Innocent XI. (Benedetto Odescalchi), pope from 1676 to 1689, was born at Como on the 16th of May 1611. He studied law in Rome and Naples, entered the Curia under Urban VIII. (his alleged military service seems to be questionable), and became successively protonotary, president of the Apostolic Chamber, governor of Macerate and commissary of Ancona. Innocent X. made him a cardinal (1647), legate to Ferrara, and, in 1650, bishop of Novara. His simple and blameless life, his conscientious discharge of duty, and his devotion to the needs of the poor had won for him such a name that, despite the opposition of France, he was chosen to succeed Clement X. on the 21st of September 1676. He at once applied himself to moral and administrative reform; declared against nepotism, introduced economy, abolished sinecures, wiped out the deficit (at the same time reducing rents), closed the gaming-houses, and issued a number of sumptuary ordinances. He held monks strictly to the performance of their vows; took care to satisfy himself of the fitness of candidates for bishoprics; enjoined regular catechetical instruction, greater simplicity in preaching, and greater reverence in worship. The moral teaching of the Jesuits incurred his condemnation (1679) (see Liguori), an act which the society never forgave, and which it partially revenged by forcing, through the Inquisition, the condemnation of the quietistic doctrines of Molinos (1687), for which Innocent entertained some sympathy (see Molinos).

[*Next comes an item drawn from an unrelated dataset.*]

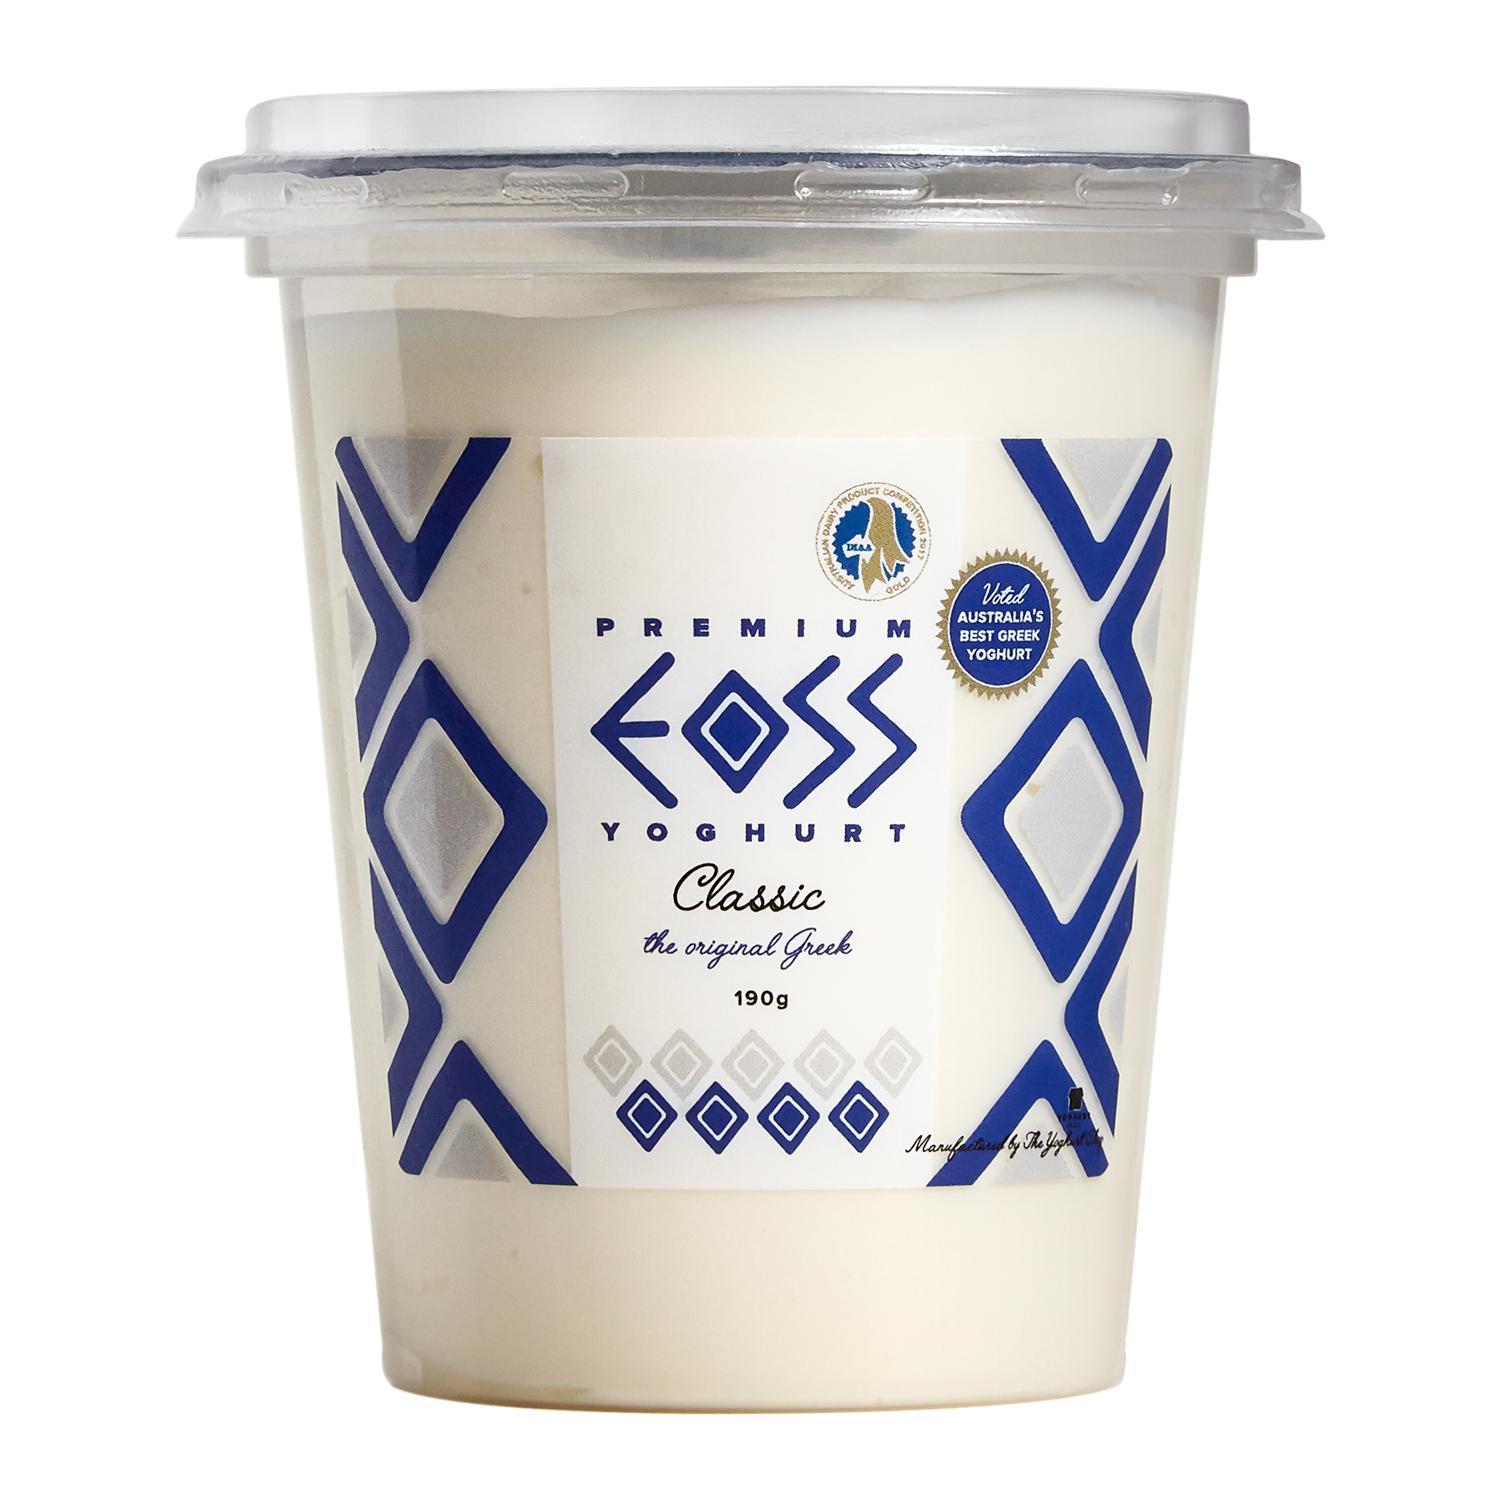 EOSS Yoghurt Classic Cup 190g
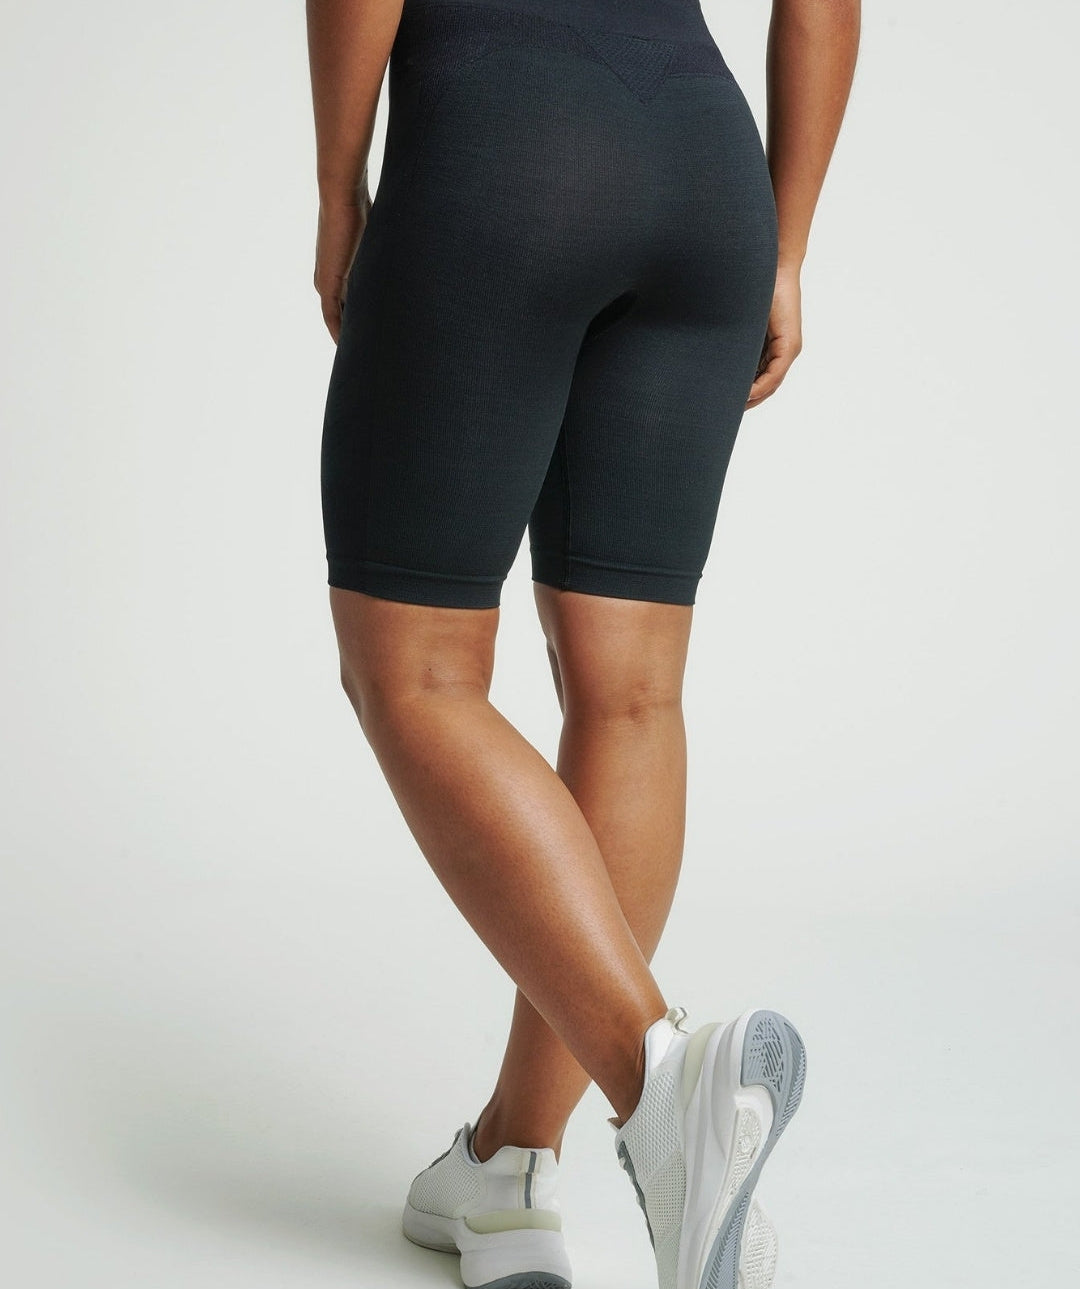 Hummel® - Clea Seamless Shorts (Sort)

The pontificate of Innocent fell within an important period in European politics, and he himself played no insignificant role. His protest against Louis XIV.’s extended claim to regalian rights called forth the famous Declaration of Gallican Liberties by a subservient French synod under the lead of Bossuet (1682), which the pope met by refusing to confirm Louis’s clerical appointments. His determination to restrict the ambassadorial right of asylum, which had been grossly abused, was resented by Louis, who defied him in his own capital, seized the papal territory of Avignon, and talked loudly of a schism, without, however, shaking the pope in his resolution. The preponderance of France Innocent regarded as a menace to Europe. He opposed Louis’s candidate for the electorate of Cologne (1688), approved the League of Augsburg, acquiesced in the designs of the Protestant William of Orange, even in his supplanting James II., whom, although a Roman Catholic, he distrusted as a tool of Louis. The great object of Innocent’s desire was the repulse of the Turks, and his unwearying efforts to that end entitled him to share in the glory of relieving Vienna (1683).
Innocent died on the 12th of August 1689, lamented by his subjects. His character and life were such as to suggest the propriety of canonization, but hostile influences have defeated every move in that direction.
The life of Innocent has been frequently written. See Guarnacci, Vitae et res gestae Pontiff. Rom. (Rome, 1751), i. 105 sqq.; Palazzi, Gesta Pontiff. Rom. (Venice, 1690); also the lives by Albrizzi (Rome, 1695); Buonamici (Rome, 1776); and Immich (Berlin, 1900). Particular phases of Innocent’s activity have been treated by Michaud, Louis XIV. et Innoc.XI. (Paris, 1882 sqq., 4 vols.) ; Dubruel, La Correspond. . . . du Card. Carlo Pio, &c. (see Rev. des quest, hist. Ixxv. (1904) 602 sqq.); and Gerin, in Rev. des quest. hist., 1876, 1878, 1886. For correspondence of Innocent see Colombo, Notizie biogr. e lettere di P. Innoc. XI. (Turin, 1878); and Berthier, Innoc. PP. XI. Epp. ad Principes (Rome, 1890 sqq.). An extended bibliography may be found in Herzog-Hauck, Realencyklopädie, s.v. “Innocenz XI.”